Approximately 20% of oocytes are classified as immature and discarded following intracytoplasmic sperm injection (ICSI) procedures. These oocytes are obtained from gonadotropin-stimulated patients, and are routinely removed from the cumulus cells which normally would mature the oocytes. Given the ready access to these human oocytes, they represent a potential resource for both clinical and basic science application. However culture conditions for the maturation of cumulus-free oocytes have not been optimized. We aimed to improve maturation conditions for cumulus-free oocytes via culture with ovarian paracrine/autocrine factors identified by single cell analysis.

Methodology/Principal Finding

Immature human oocytes were matured in vitro via supplementation with ovarian paracrine/autocrine factors that were selected based on expression of ligands in the cumulus cells and their corresponding receptors in oocytes. Matured oocytes were artificially activated to assess developmental competence. Gene expression profiles of parthenotes were compared to IVF/ICSI embryos at morula and blastocyst stages. Following incubation in medium supplemented with ovarian factors (BDNF, IGF-I, estradiol, GDNF, FGF2 and leptin), a greater percentage of oocytes demonstrated nuclear maturation and subsequently, underwent parthenogenesis relative to control. Similarly, cytoplasmic maturation was also improved as indicated by development to blastocyst stage. Parthenogenic blastocysts exhibited mRNA expression profiles similar to those of blastocysts obtained after IVF/ICSI with the exception for MKLP2 and PEG1.

Conclusions/Significance

Human cumulus-free oocytes from hormone-stimulated cycles are capable of developing to blastocysts when cultured with ovarian factor supplementation. Our improved IVM culture conditions may be used for obtaining mature oocytes for clinical purposes and/or for derivation of embryonic stem cells following parthenogenesis or nuclear transfer.

Introduction

Approximately 20% of oocytes routinely retrieved following hormone stimulation are classified as immature (termed germinal vesicle (GV) or metaphase I (MI) stage); these oocytes are discarded due to their reduced potential for embryo development under current culture conditions [1]. However, this cohort of oocytes is useful for studies aimed at elucidating the mechanisms of in vitro maturation of human oocytes and might ultimately contribute to the pool of embryos available for embryo transfer [2]. In addition, cumulus-free human oocytes may provide a platform for derivation of patient-specific embryonic stem cells (hESCs) including parthenogenic embryonic stem cells (pESCs) or somatic cell nuclear transfer-embryonic stem cells (SCNT-ESCs). Since the first report of in vitro human oocyte maturation in 1969 [3], several reports have documented blastocyst (BL) development or live birth achieved from oocytes matured in vitro [1], [4], [5]. However, nuclear and cytoplasmic maturation of cumulus-free oocytes remains suboptimal at best [2], [6], [7]. Moreover, ability of this cohort of oocytes to support the development of parthenogenic or nuclear transfer embryos to blastocyst stage has not been assessed.

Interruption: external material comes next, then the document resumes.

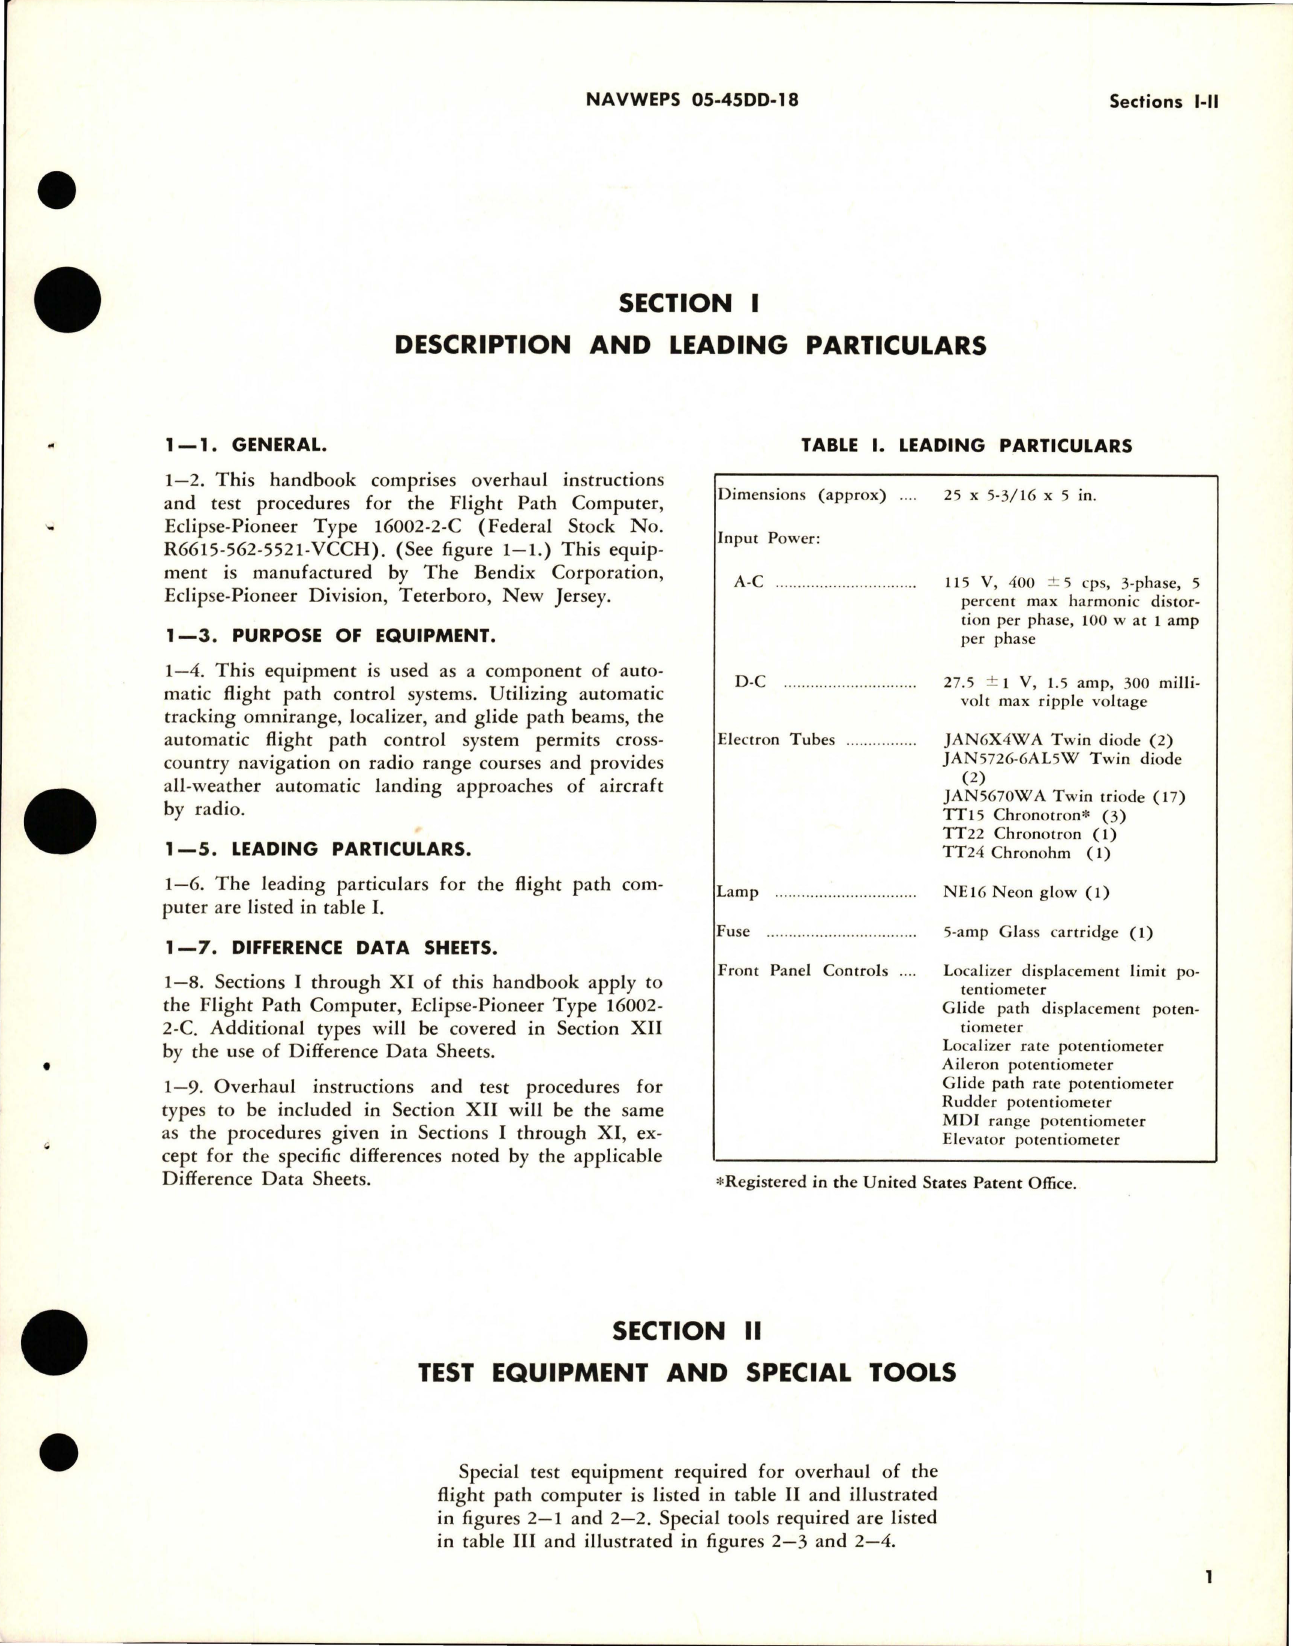 Sample page 7 from AirCorps Library document: Overhaul Instructions for Flight Path Computer - Part 16002-2-C

The cumulus cells that surround oocytes within follicles modulate nuclear and cytoplasmic maturation by both physical cell-cell contact and the combined actions of paracrine factors [8]. However, during the process of intracytoplasmic sperm injection (ICSI), cumulus cells must be removed from oocytes. When these cumulus-free oocytes are directly exposed to commercially-available maturation media, they subsequently exhibit delayed oocyte maturation and abnormal embryo development [1], [2]. In the majority of studies of in vitro maturation (IVM), follicle stimulating hormone (FSH), luteinizing hormone (LH), estradiol and epidermal growth factor (EGF) are used as supplements. However, whether human oocytes express the receptors for FSH and LH is controversial [9], , and it is known that EGF affects oocyte maturation through the EGF receptor (EGFR), which is expressed by cumulus cells rather than the oocyte [11]. As outlined below, we used a microfluidic quantitative PCR (qPCR) system to elucidate the gene expression profiles of individual human oocytes and small numbers of cumulus cells using a combination of a large number of samples and targets [12], and then extended our studies via the use of parthenogenesis, in conjunction with gene expression profiling, as a functional assay of cytoplasmic maturation of oocytes.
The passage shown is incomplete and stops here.